There are brothers and sisters, who may be relatives when they were children, but some become "friends" after marriage. Some people even became enemies. How can we talk about helping each other? Isn't there a saying now: it's not appropriate to do it, but to touch yourself. If there is only one child in a family, the child will take care of his parents' pension. The more they have one more child, the more they care about this problem. Whoever takes care of his parents more will get more money. And every child grows up with different family conditions. Some people think that providing for the aged is not a problem, so they will take good care of the elderly. Some people feel that taking care of the elderly is stressful and can't do their best.

Conclusion I am studying in Ma Bao. Welcome to pay attention to @ Danianbao and exchange parenting experiences. Brother and sister love, brotherhood, raising children to prevent old age, unfilial first, no future is great, have both.

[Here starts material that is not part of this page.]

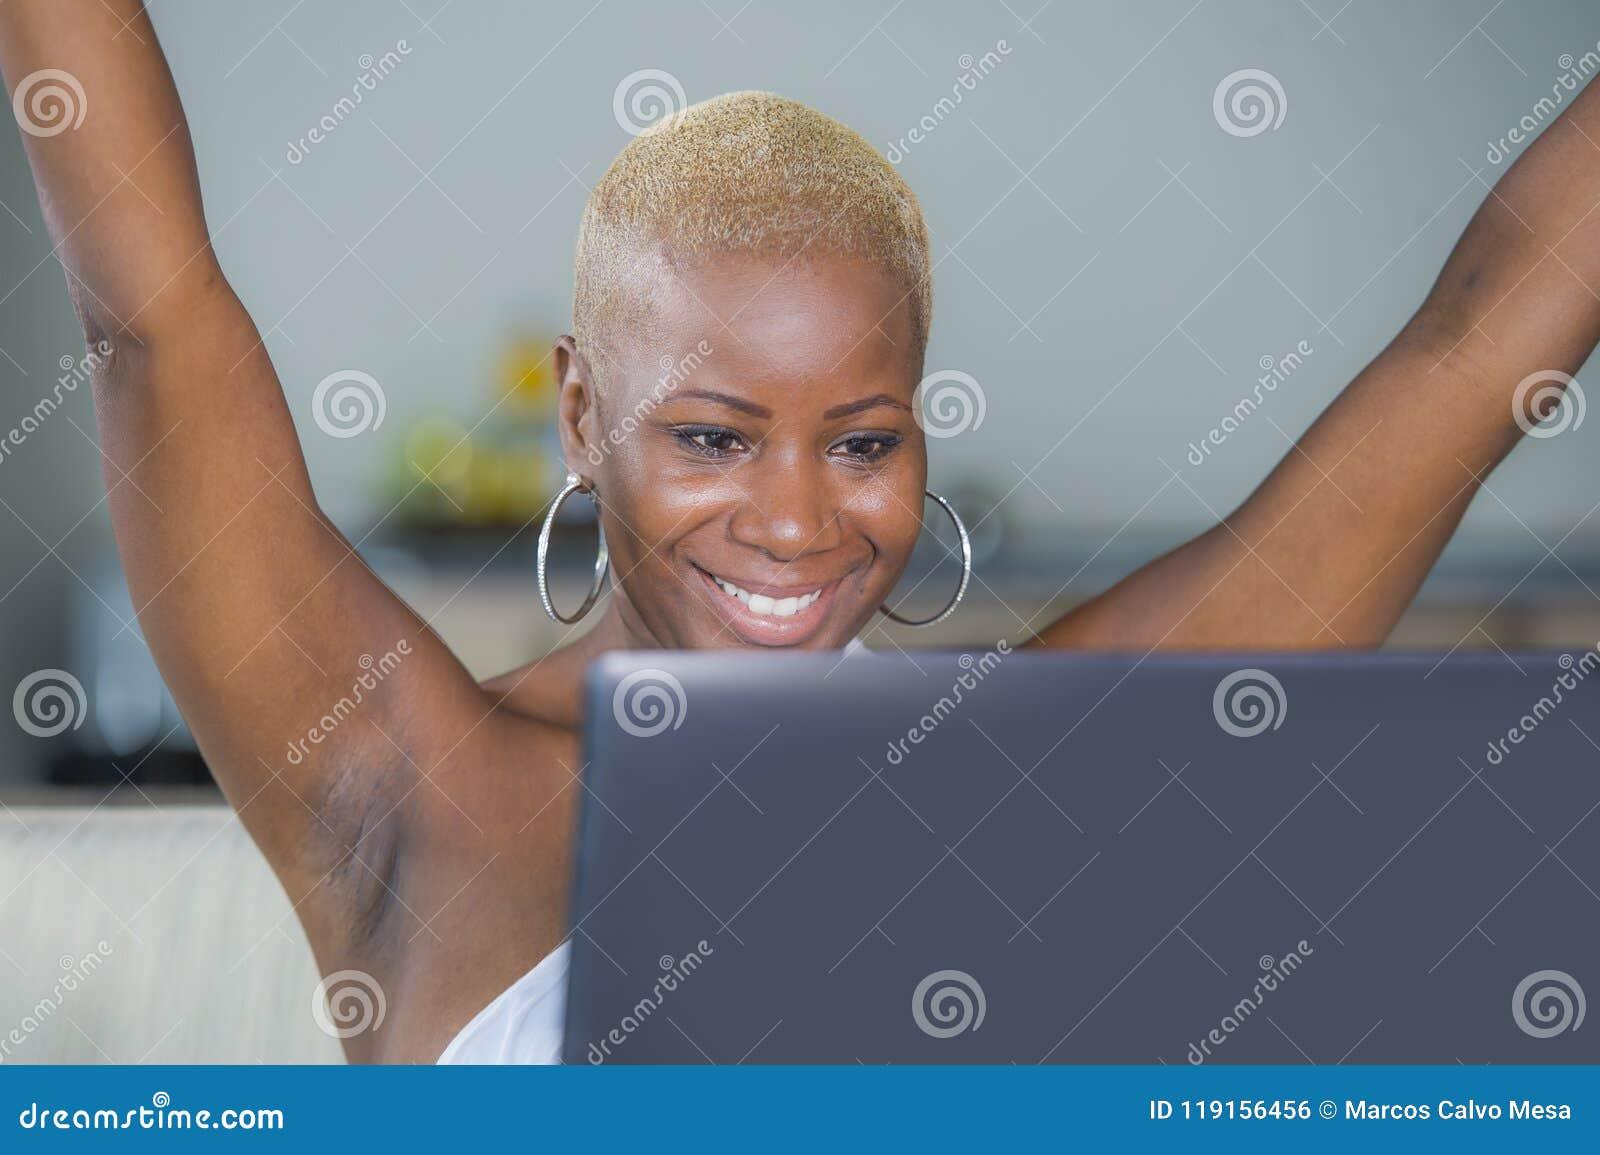 Το νέο όμορφο ευτυχές μαύρο χαμόγελο γυναικών afro αμερικανικό που λειτουργεί στο φορητό προσωπικό υπολογιστή χαλάρωσε στο σπίτι

Whether or not to have a second child can be considered from two aspects: size and pattern. The original intention of having a second child in this life is neither to be afraid of the loneliness of the child, nor to have a sense of support for one's old age. The reasons are as follows: Modern society is no longer the farming era, nor the era when information and entertainment were underdeveloped 30 or 40 years ago, and the way of entertainment is very single. Babies in one-child families can get along and play with their parents like brothers and sisters. Parent-child relationship seems to be more harmonious than families with many children. On weekdays, children go to school with classmates, and on weekends, the family of three go out to play, watch movies and talk about current events. Children seem to know more. In addition, the financial situation of one-child families is usually ok, not to mention who they depend on when they are old, and no one can take care of them and go to nursing homes. However, I still support having a second child. There is a tradition in China that having many children is the blessing of a small family. The more people there are, the more popular the family is. I hope that the responsibility of a child's success will not fall on a child's shoulder. Having a second child reduces the risk of this family. It is often reported in the media that after the implementation of the one-child policy, some family life without children is very unfortunate. If you have at least two children, this risk will be reduced. Secondly, from a big perspective, the aging in China is getting more and more serious, and the population growth in the three northeastern provinces is serious. Having a second child has also contributed to the sustainable economic development of the country in the future; In ancient times, there was a benevolent policy that the only son did not join the army, that is, only one son in the family did not recruit, and providing for the elderly was the most important thing. Therefore, having a second child is also to add strength to future national defense. Finally, I think whether to have a second child or a third child, we should comprehensively consider our own situation, whether there is anyone to take care of the baby, and how the economic conditions are. Don't follow the trend!